> **Exercise objective**: Would you return exactly the lines below from the line with "Cartier Ballon Bleu" through the line with "Daily wear cotton", both included, and nothing else, leaving out the pictures?

> **Records for this exercise**:
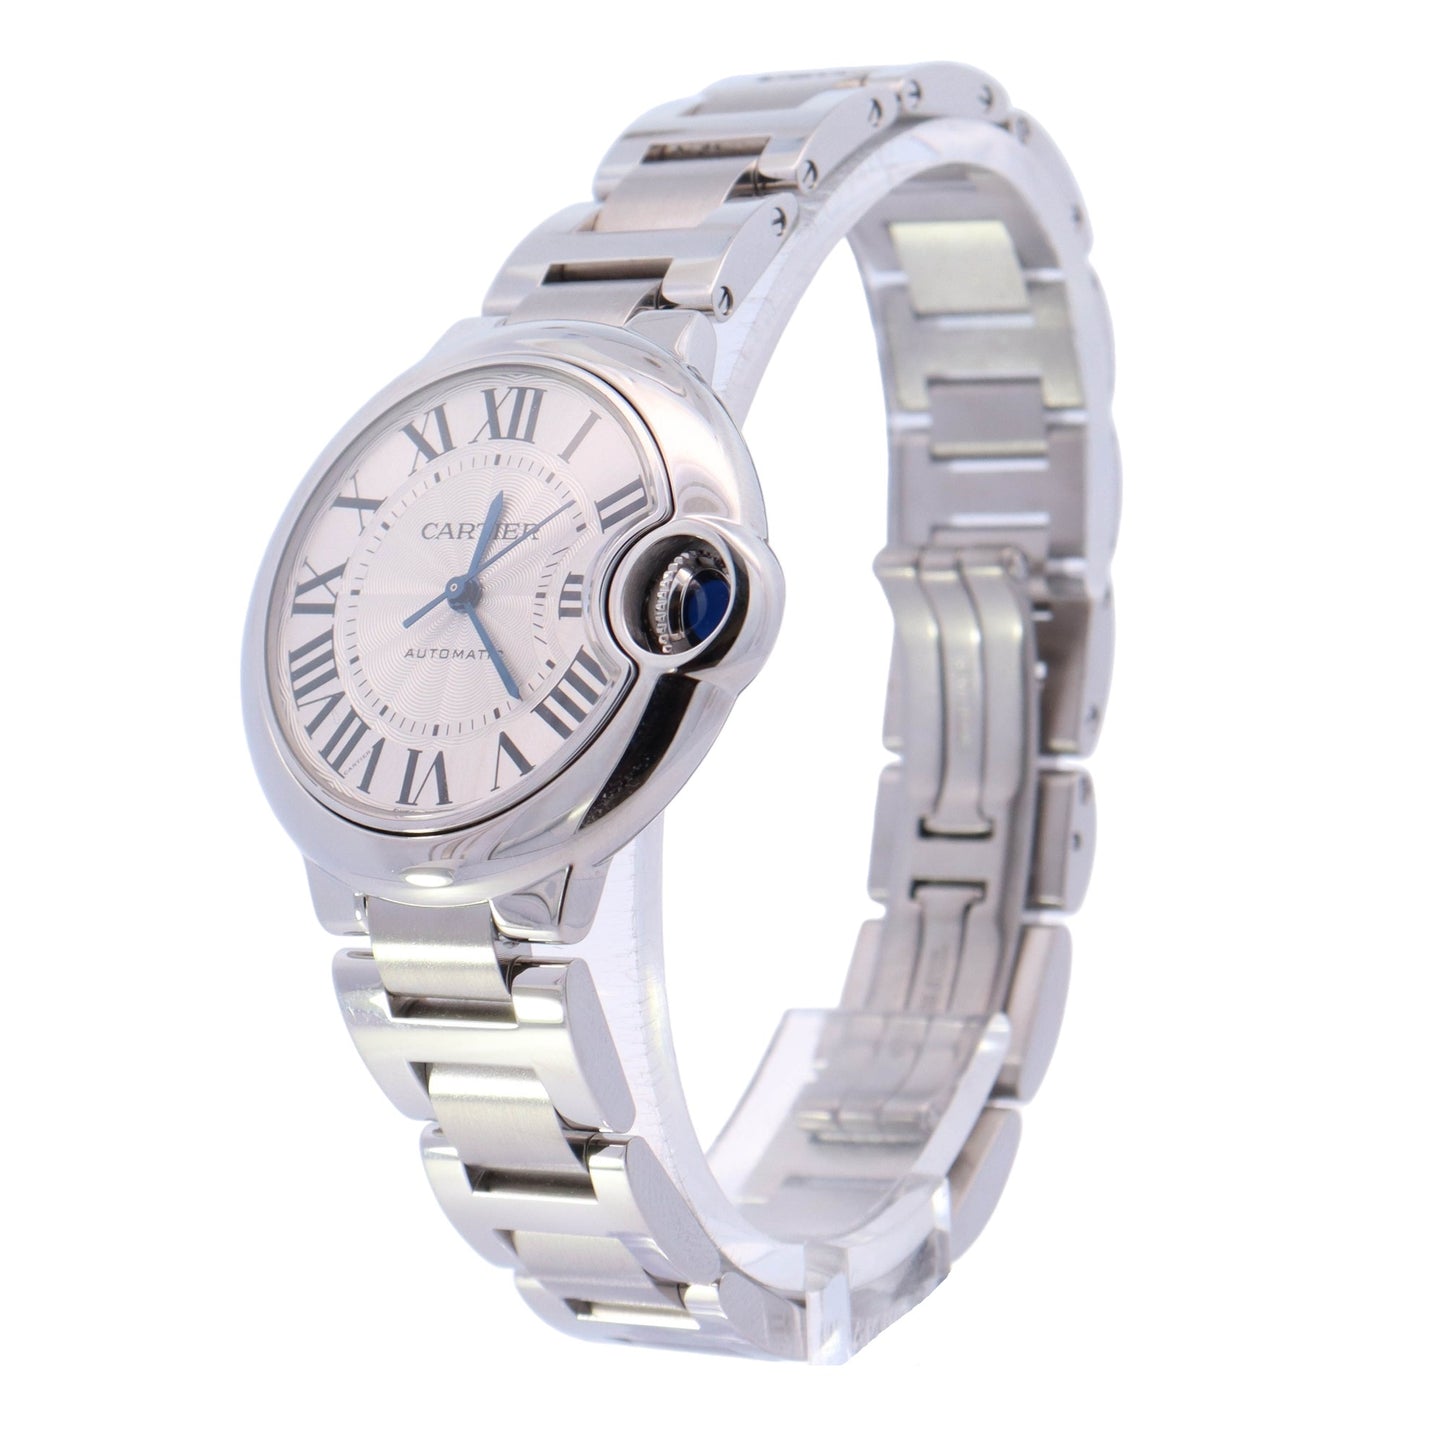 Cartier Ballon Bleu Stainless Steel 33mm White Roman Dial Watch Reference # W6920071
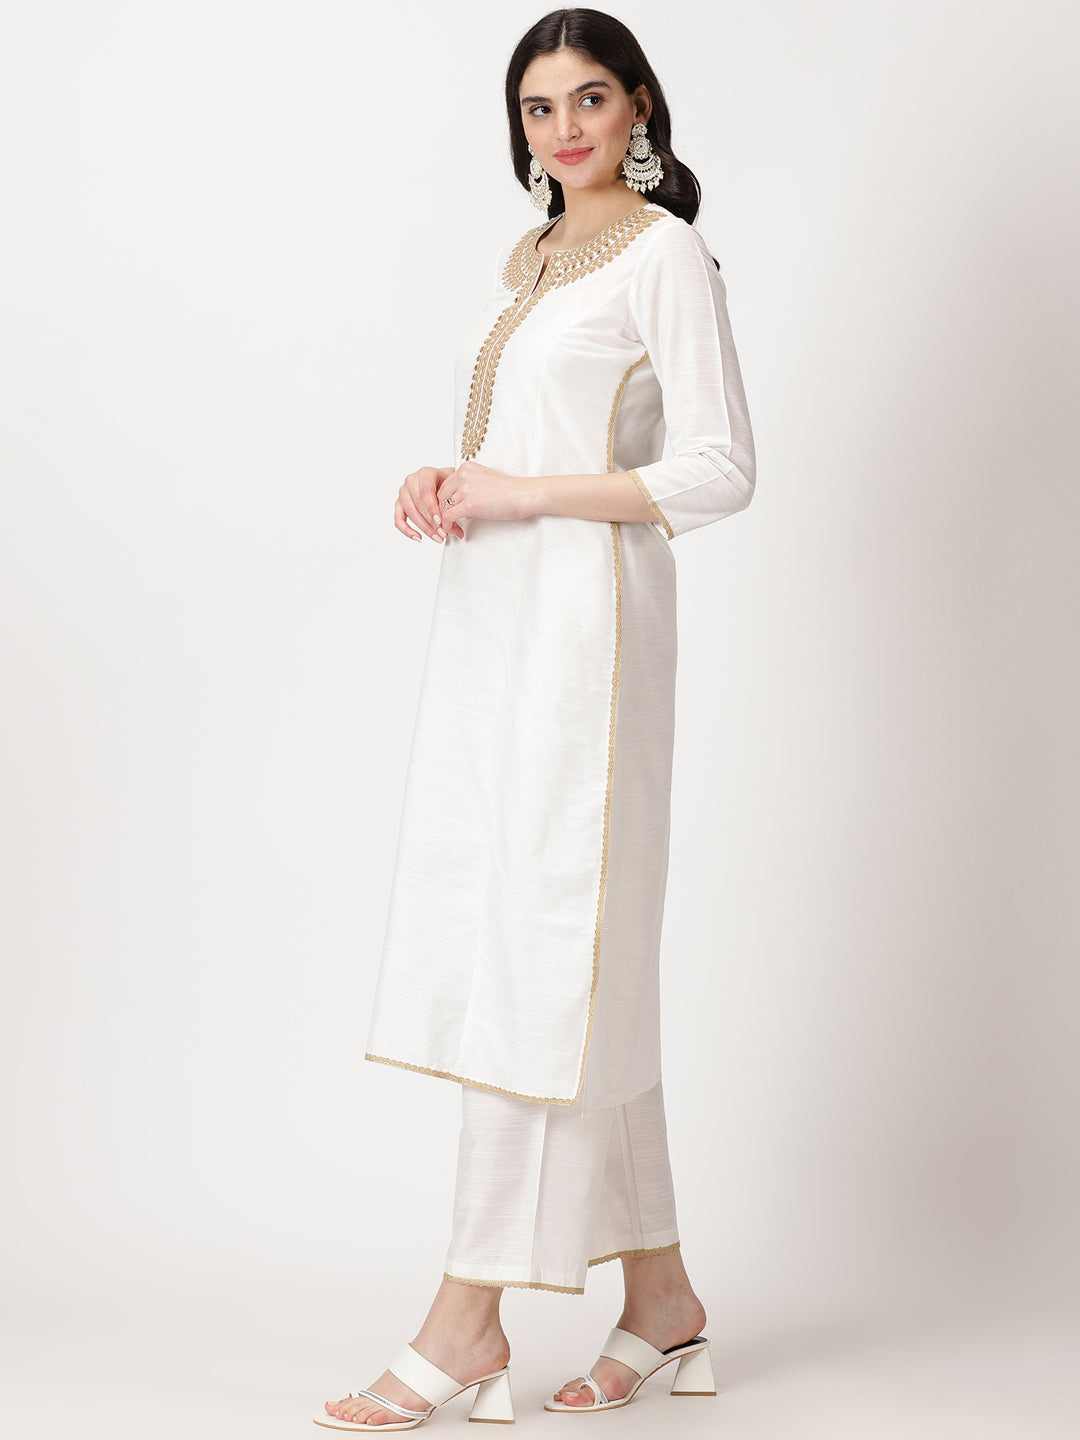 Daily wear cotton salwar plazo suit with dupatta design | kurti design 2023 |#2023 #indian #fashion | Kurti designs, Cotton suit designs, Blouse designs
==
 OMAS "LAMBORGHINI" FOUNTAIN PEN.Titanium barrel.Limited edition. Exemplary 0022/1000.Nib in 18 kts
--
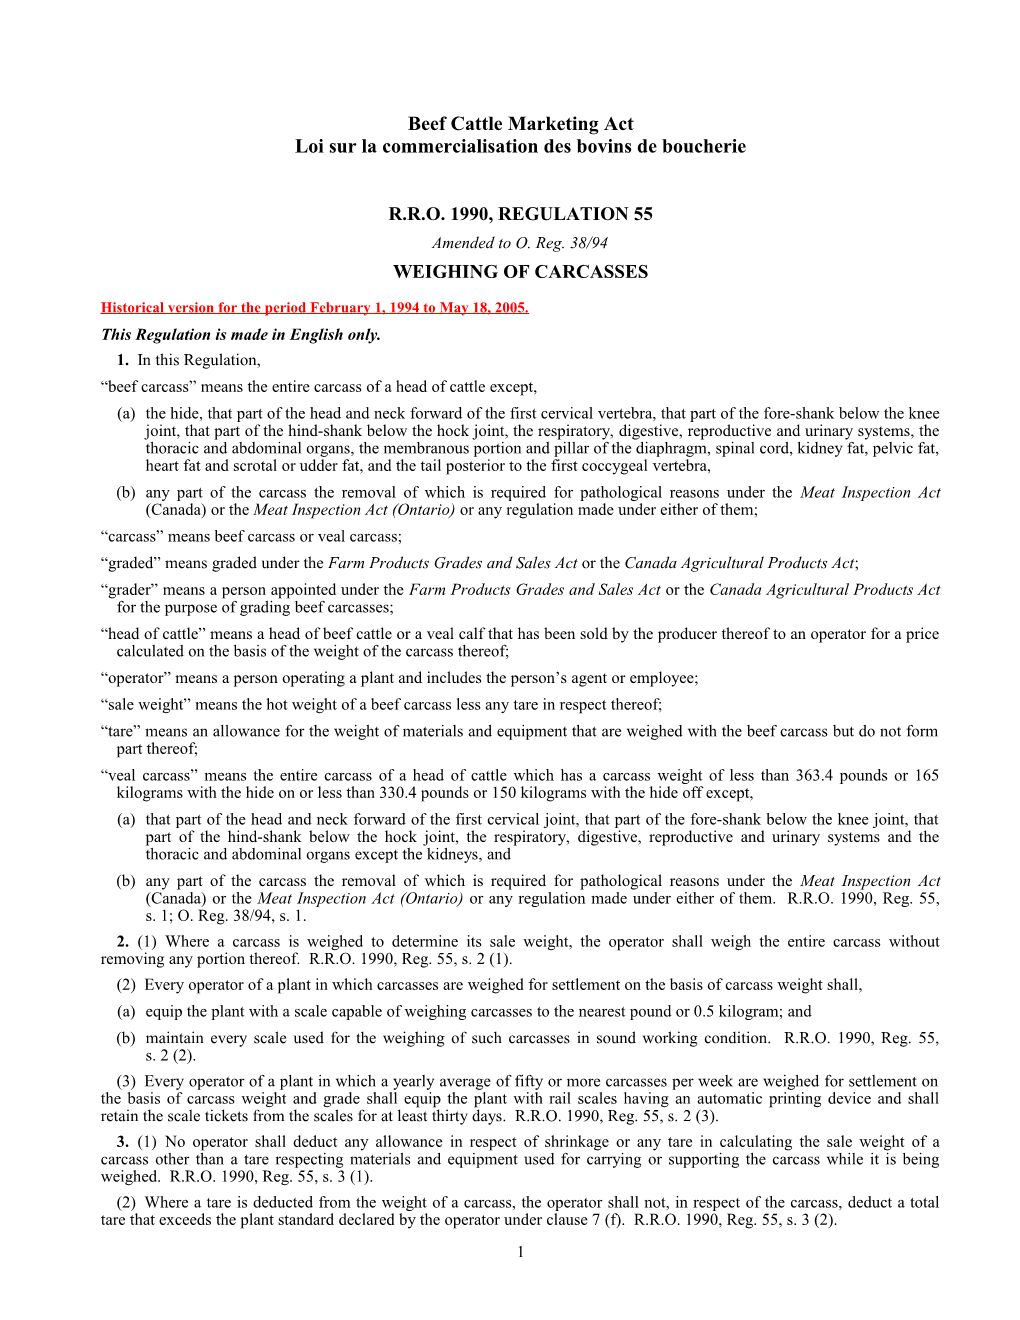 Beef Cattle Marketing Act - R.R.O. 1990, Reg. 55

> **Result**:
 Cartier Ballon Bleu Stainless Steel 33mm White Roman Dial Watch Reference # W6920071
 Daily wear cotton salwar plazo suit with dupatta design | kurti design 2023 |#2023 #indian #fashion | Kurti designs, Cotton suit designs, Blouse designs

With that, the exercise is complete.